C. S. Lewis on Chronological Snobbery

I personally like reading old books; it comes easy to me. Frankly, I enjoy reading old books. I know that I am a little strange, but that is the way I am wired. Now, that’s not much of an argument to encourage others to read old books. I am aware of that. C.S. Lewis, however, makes a literary/philosophical case for reading old book, and he says it with unmatched penmanship!

In the mid-twentieth century, Lewis wrote the preface to a new translation of  Athanasius’ classic work, On the Incarnation. In it he compels readers to pick up this timeless classic, for it is a treasure for the church. But before he makes the case for this particular book, he demonstrates why it is dangerous for folks to read only new or modern books.

Every age has its own outlook. It is specially good at seeing certain truths and specially liable to make certain mistakes. We all, therefore, need the books that will correct the characteristic mistakes of our own period. And that means old books. All contemporary writers share to some extent the contemporary outlook – even those, like myself, who seem most opposed to it. . . .

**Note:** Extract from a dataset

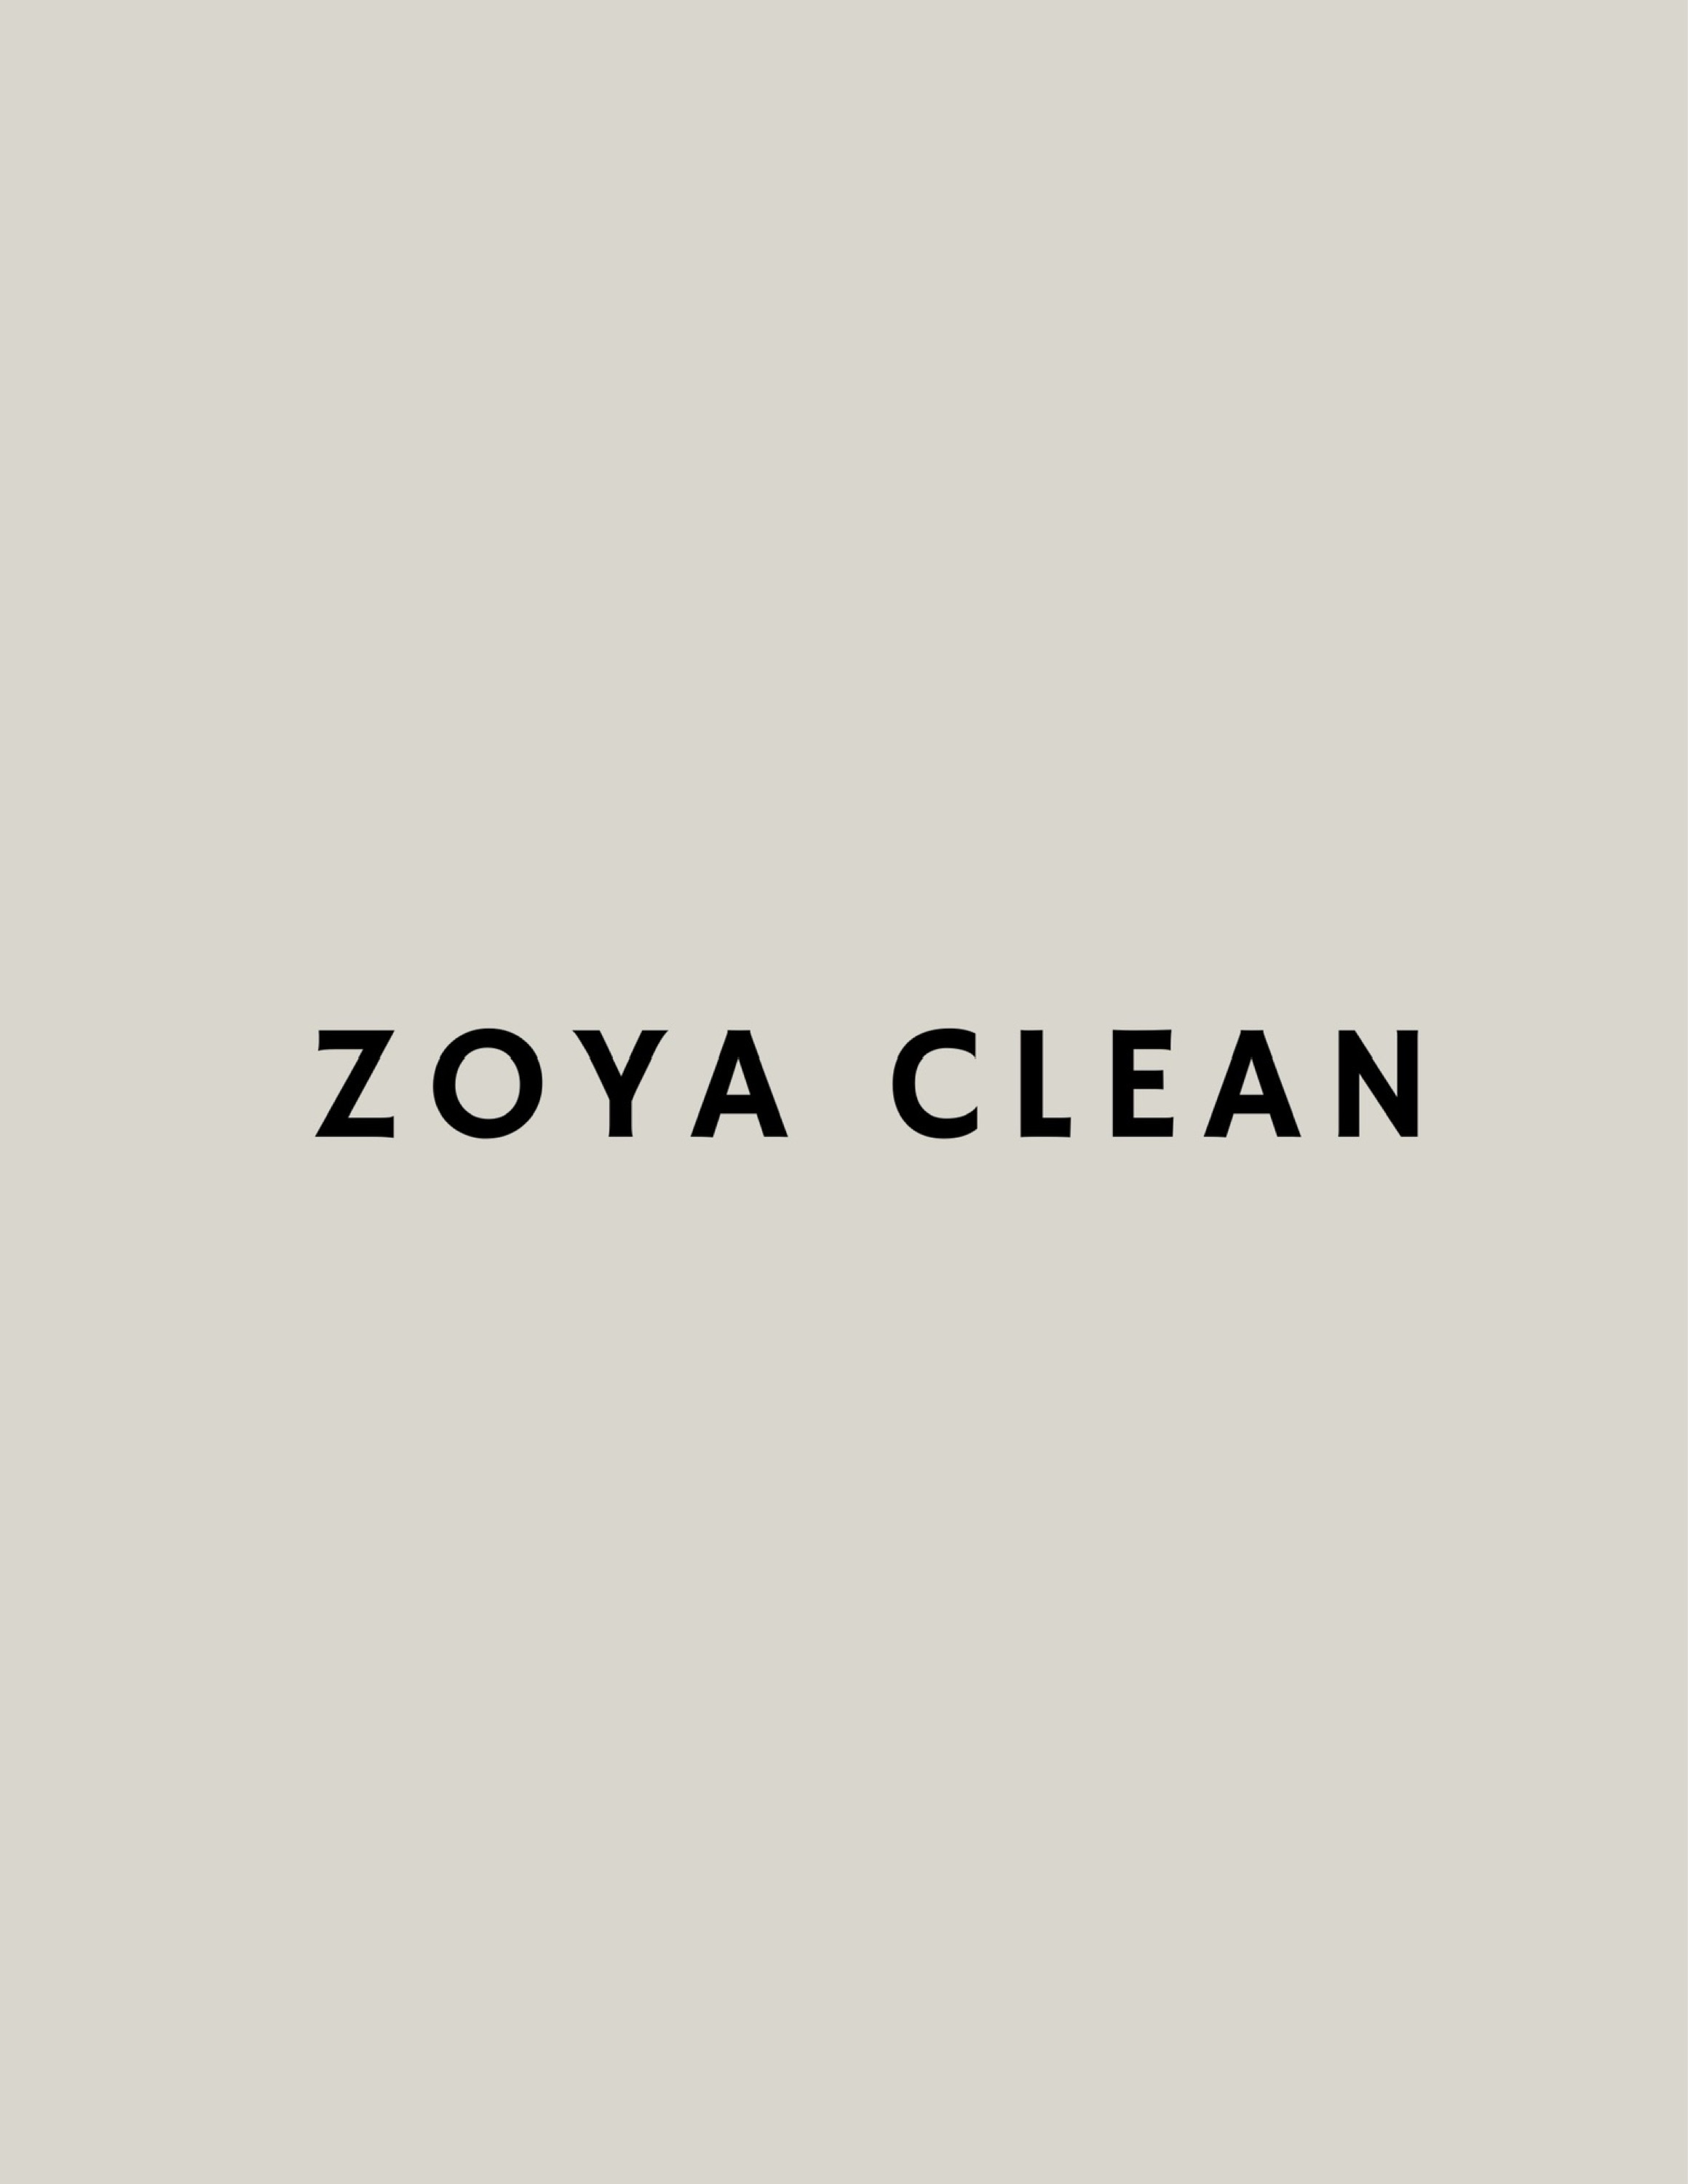 Zoya Clean Logo

None of us can fully escape this blindness, but we shall certainly increase it, and weaken our guard against it, if we read only modern books. Where they are true they will give us truths which we half already knew. Where they are false they will aggravate the error with which we are already dangerously ill. The only palliative is to keep the clean sea breeze of the centuries blowing through our minds, and this can be done only by reading old books. Not, of course, that there is any magic about the past. People were no cleverer then than they are now; they made as many mistakes as we. But not the same mistakes. They will not flatter us in the errors we are already committing: and their own errors, being now open and palpable, will not endanger us. Two heads are better than one, not because either is infallible, but because they are unlikely to go wrong in the same direction. To be sure, the books of the future would be just as good a corrective as the books of the past, but unfortunately we cannot get at them.